I do not allow the cat in the bathroom while I’m taking a bath for a number of reasons. First of all, he wants out of the room before I’m ready to get out of the bath, which means I have to get up, dry off, open the door and then climb back in the tub. Secondly, he stands on his hind legs, front paws hanging over the edge of the tub like he’s standing at a bar and stares at me, which kinda feels wrong. Thirdly he drinks the bath water while I’m in it, and finally, he swats at the bubbles. His company is not quite as relaxing as the old boyfriend I had who used to pour my wine and read William Blake and Pablo Neruda to me while I soaked.

Knowing that he was not welcome in my bath boudoir, the cat, (aptly named Leonard Cohen) had nonchalently trotted in, waving his ferile tail through the flame of the candles that were burning on the vanity.

When I arrived at the door, the cat’s eyes were huge, and looked at me in a pathetic accusatory stare. He seemed to be saying, “See you selfish woman?! Why can’t you just let me come in here and lap water out of the tub while you relax? See what your selfishness has done to my beautiful white coat?!”

“Leonard!” I gasped, pulling the towel I had wrapped around myself a little tighter as I bent down to rescue the poor creature. He bolted, smoking tail held high. I bolted after him, losing my towel and glass of wine as we rounded the corner between the living and dining room.

“Mommy, what’s that smell? ” my son hollered from his bunk bed.

“It’s ok honey,” I answered back, trying to sound calm.”The cat’s just on fire. Don’t come out because mommy doesn’t have any clothes on”. All of the running had essentially fanned the flame, and left a smelly trail of fur smoke wafting through the apartment. We still laugh about that today.

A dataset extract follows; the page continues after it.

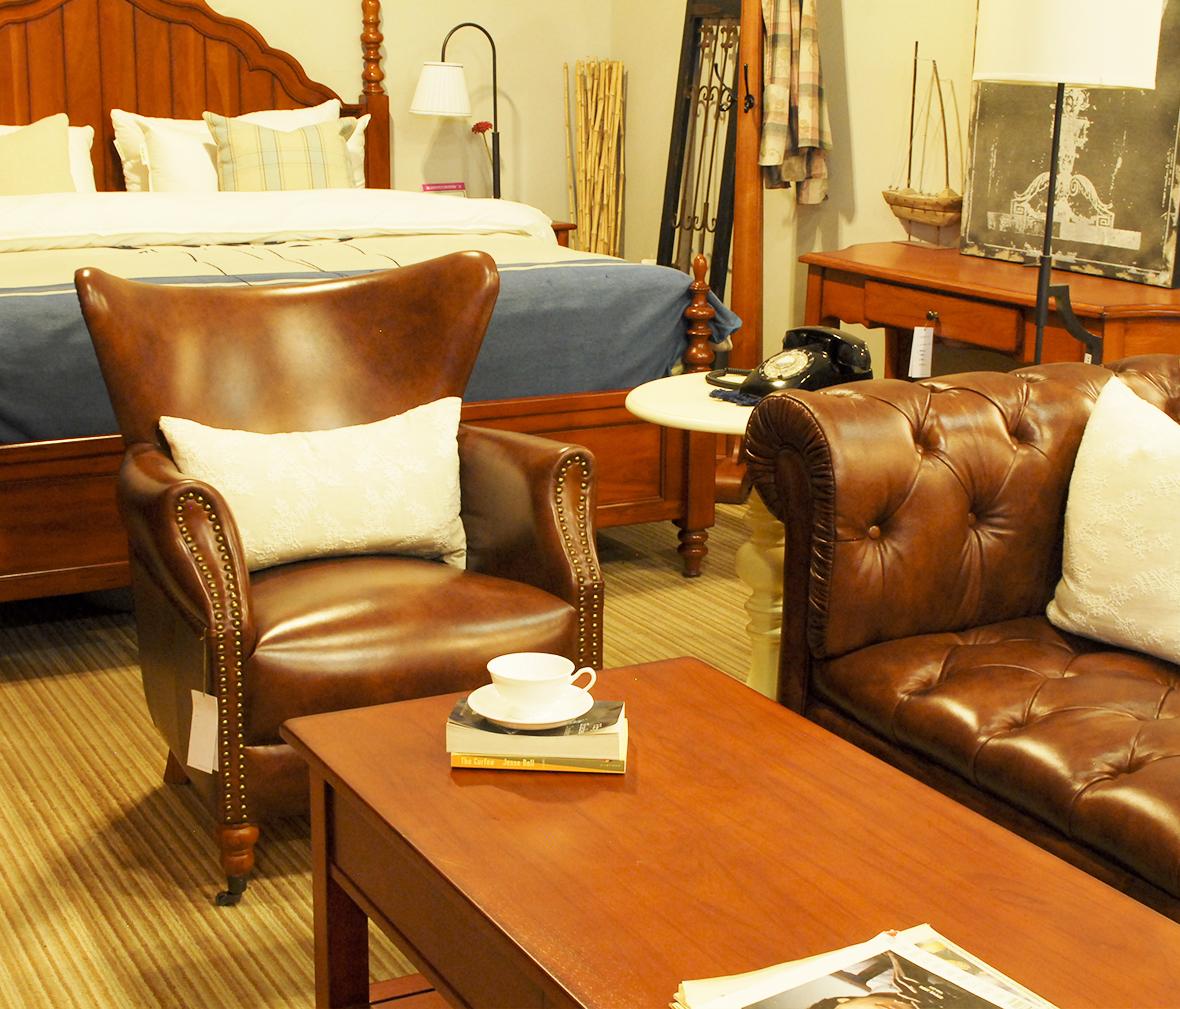 眼缘:0  瑞尔家具 灯挂椅 yd001型号 榆木材质 中式古典风格 明式

Ah yes, home. The place that we’re most comfortable, vulnerable, and content. The place I almost set on fire after closing the fireplace flu the first winter we spent here, causing our entire home to fill with smoke, and earning my son the nickname, “Bacon” at school because our clothes smelled of woodsmoke the next day.

We’re weirdest at home. Long ago I came to the conclusion that people are weird. W.E.I.R.Duh. Even after knowing someone for years and years, they can say or do something that catches me off guard, leaves me with my mouth gaping, and wondering what the hell is wrong with them.

Weird is the new normal, and we’re never as weird in public as we are at home. For instance, when I colour my own hair, I walk around the house in my hair-colouring nightie, plastic grocery bag clipped to my head, squinting at everything because I don’t have my glasses on. It’s sexy in an earthy kind of way I suppose.

I also like to trot around pantless when I’m home alone, and tend to enjoy Indian take out with a cold beer in my skivies on the couch while watching Coronation Street.

This is something I don’t share with my company. Not even company I’ve known since I was a kid.

I also have to make my bed completely – pillows and everything – before I climb in for the night, at which point I toss and turn, throw one pillow on the floor, and roll myself up like a Pillsbury weiner roll and immediately fall asleep.

We save weird for our loved ones, and introduce it slowly to new people coming into our lives. Oddly enough, weird is everyone’s normal. Weird is what we wait to come home to do every day.